> What you need to do:
Pictures aside, return every line below exactly as written.

> Collected material:
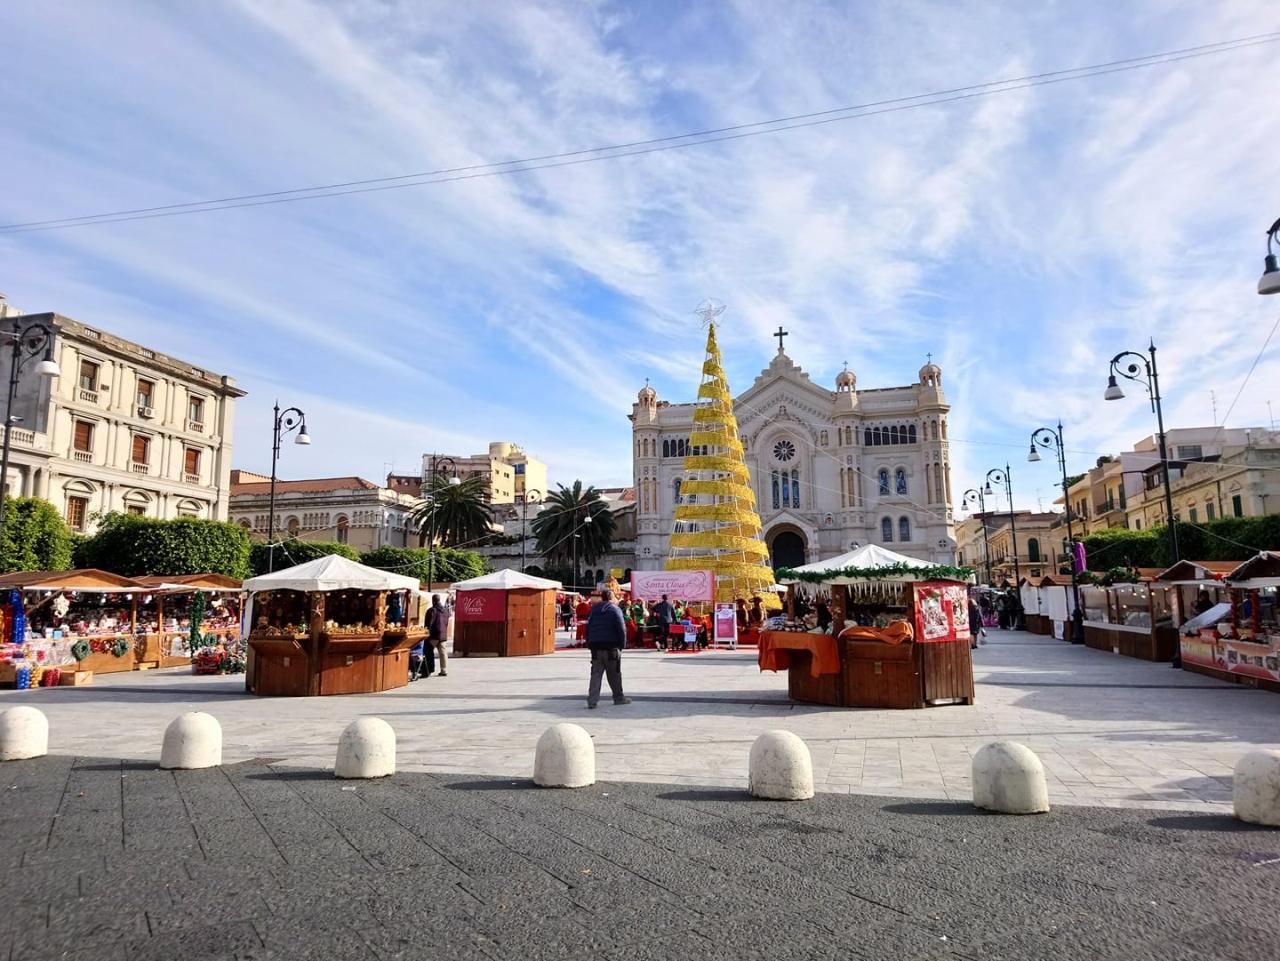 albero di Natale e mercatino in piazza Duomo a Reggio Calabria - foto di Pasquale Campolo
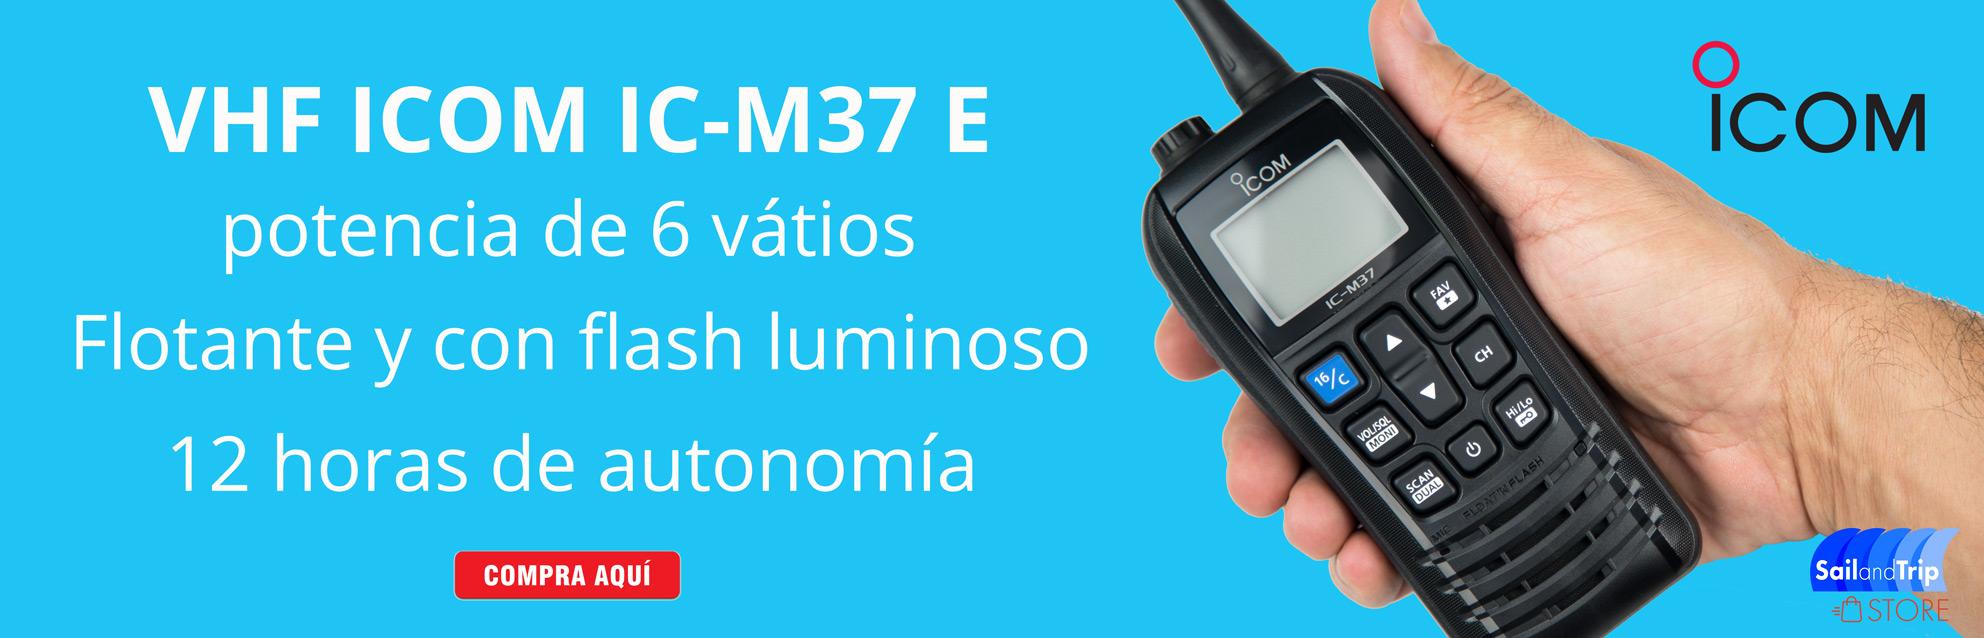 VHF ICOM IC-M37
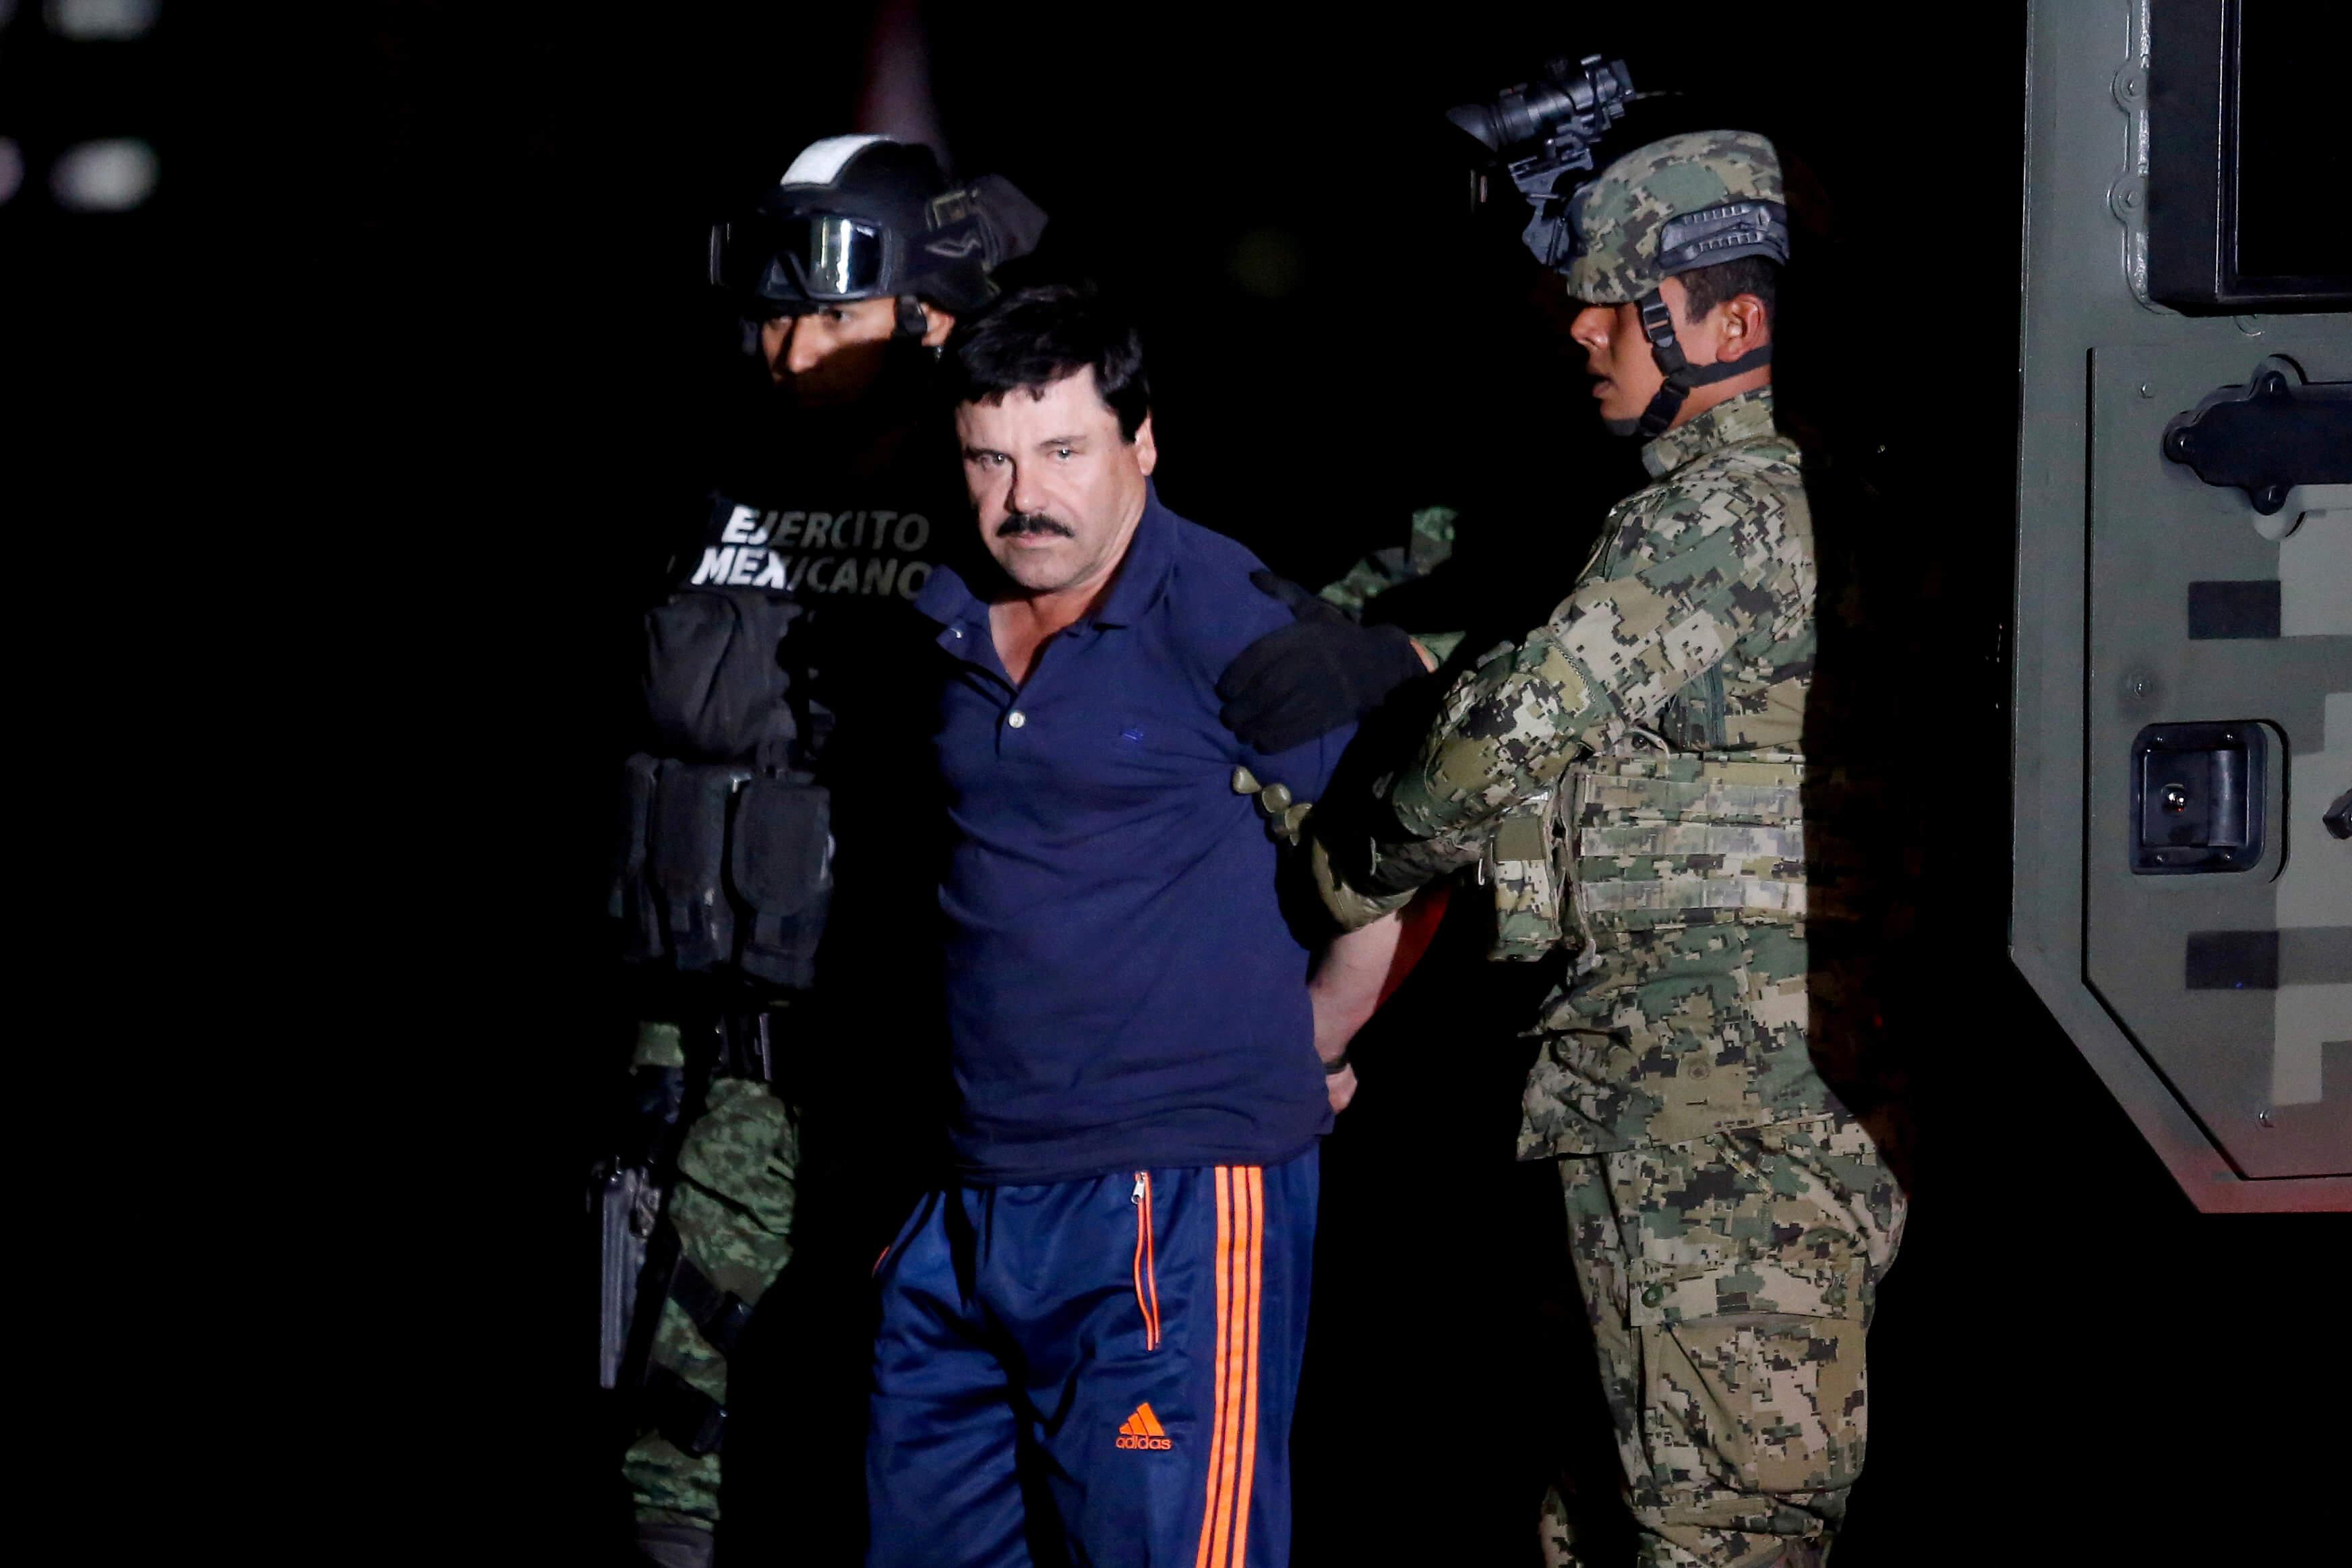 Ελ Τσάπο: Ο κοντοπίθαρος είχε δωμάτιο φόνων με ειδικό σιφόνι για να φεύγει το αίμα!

> Task result:
 albero di Natale e mercatino in piazza Duomo a Reggio Calabria - foto di Pasquale Campolo
 VHF ICOM IC-M37
 Ελ Τσάπο: Ο κοντοπίθαρος είχε δωμάτιο φόνων με ειδικό σιφόνι για να φεύγει το αίμα!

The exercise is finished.